→ Assigned task
The listing below begins with the first line you should copy; stop after the line containing "Paul Desmond Brown", and drop every picture.
:: Supplied information ::
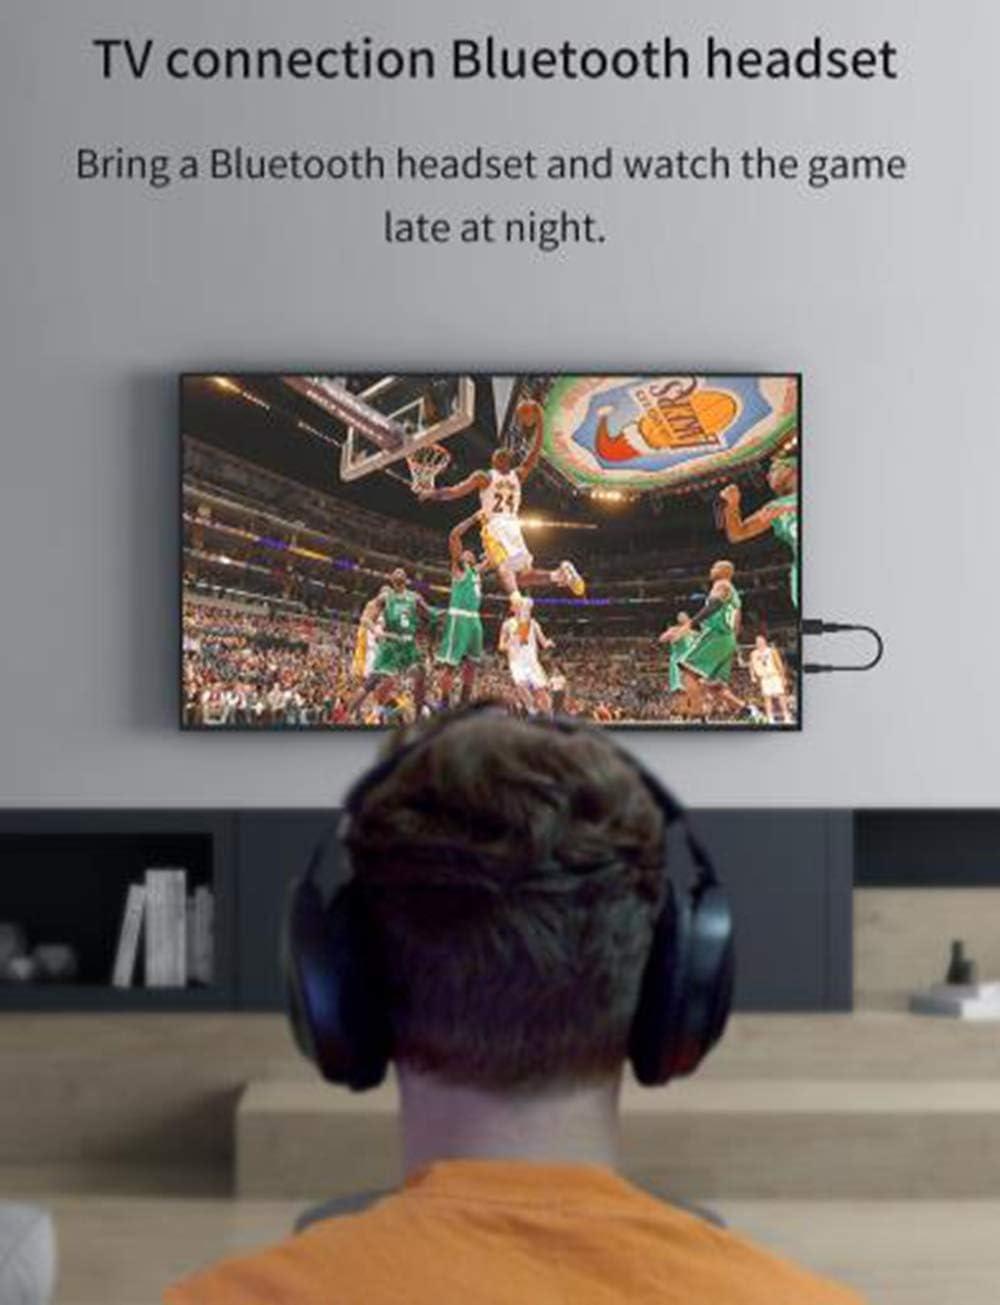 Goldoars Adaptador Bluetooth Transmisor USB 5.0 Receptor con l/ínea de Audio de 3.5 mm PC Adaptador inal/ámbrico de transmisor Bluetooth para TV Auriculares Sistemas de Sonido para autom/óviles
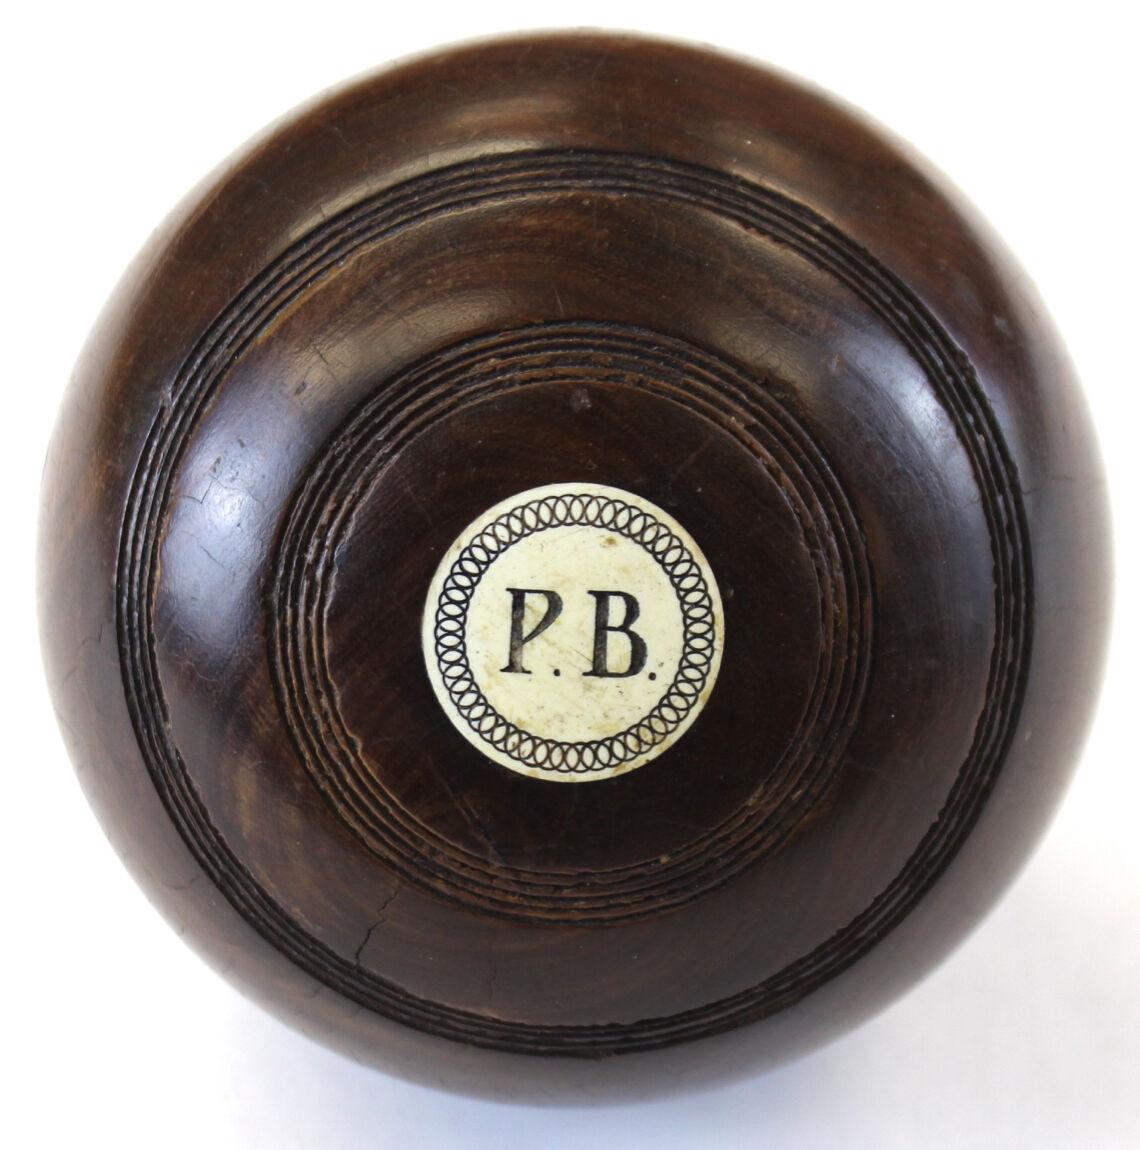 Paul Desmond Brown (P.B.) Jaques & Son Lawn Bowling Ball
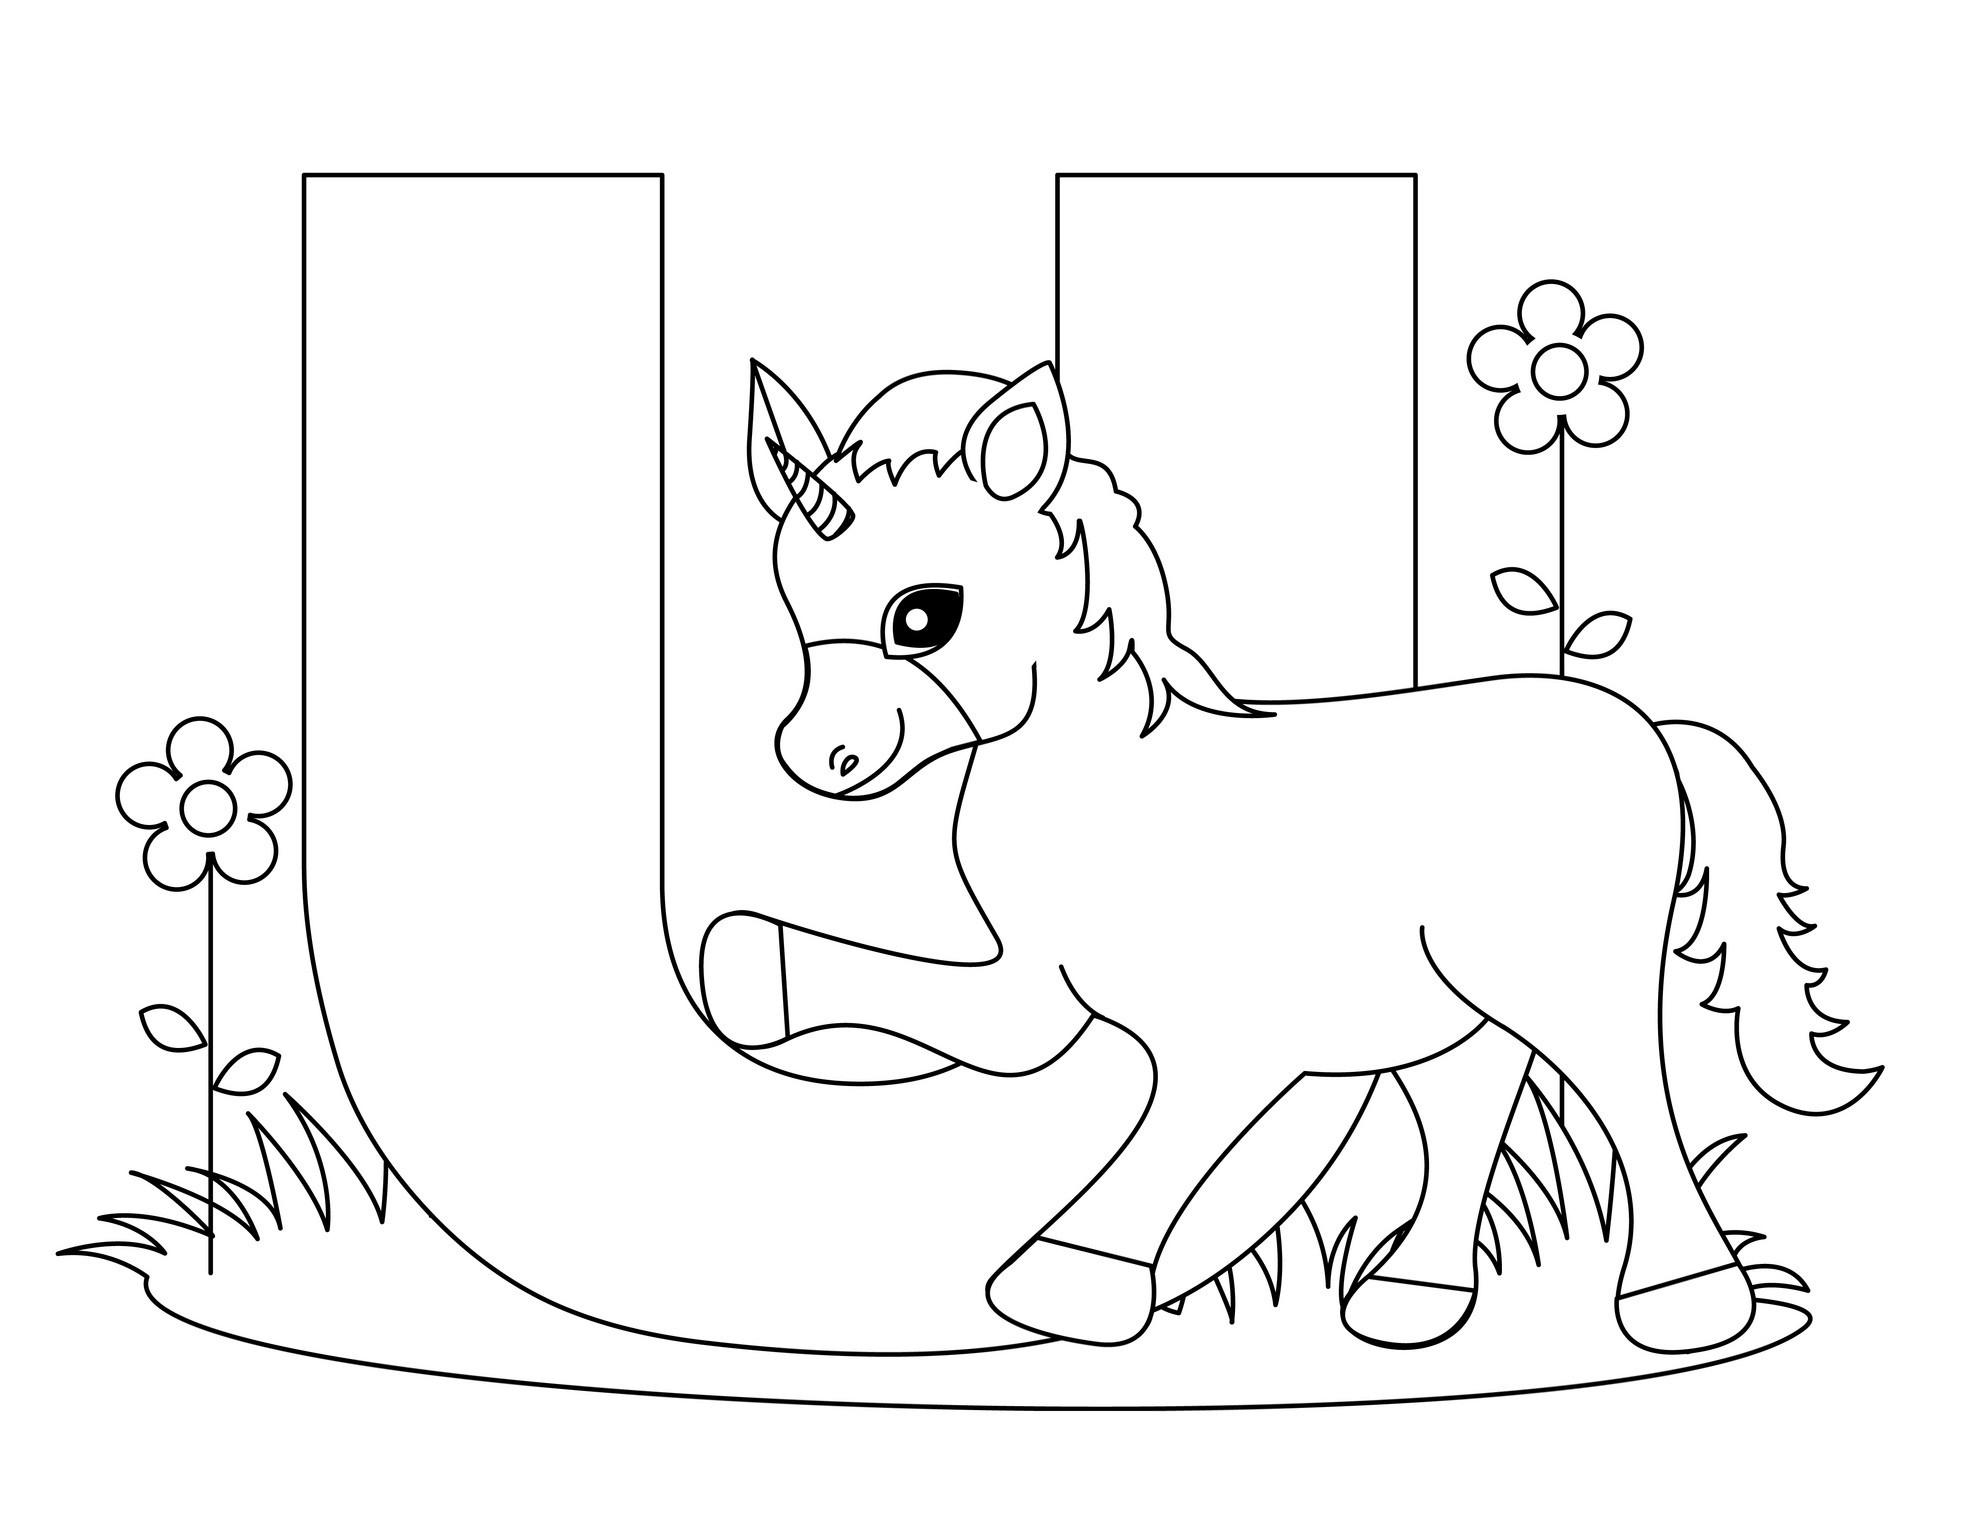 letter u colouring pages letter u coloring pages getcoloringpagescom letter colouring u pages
:::
→ Solution to this task
 Goldoars Adaptador Bluetooth Transmisor USB 5.0 Receptor con l/ínea de Audio de 3.5 mm PC Adaptador inal/ámbrico de transmisor Bluetooth para TV Auriculares Sistemas de Sonido para autom/óviles
 Paul Desmond Brown (P.B.) Jaques & Son Lawn Bowling Ball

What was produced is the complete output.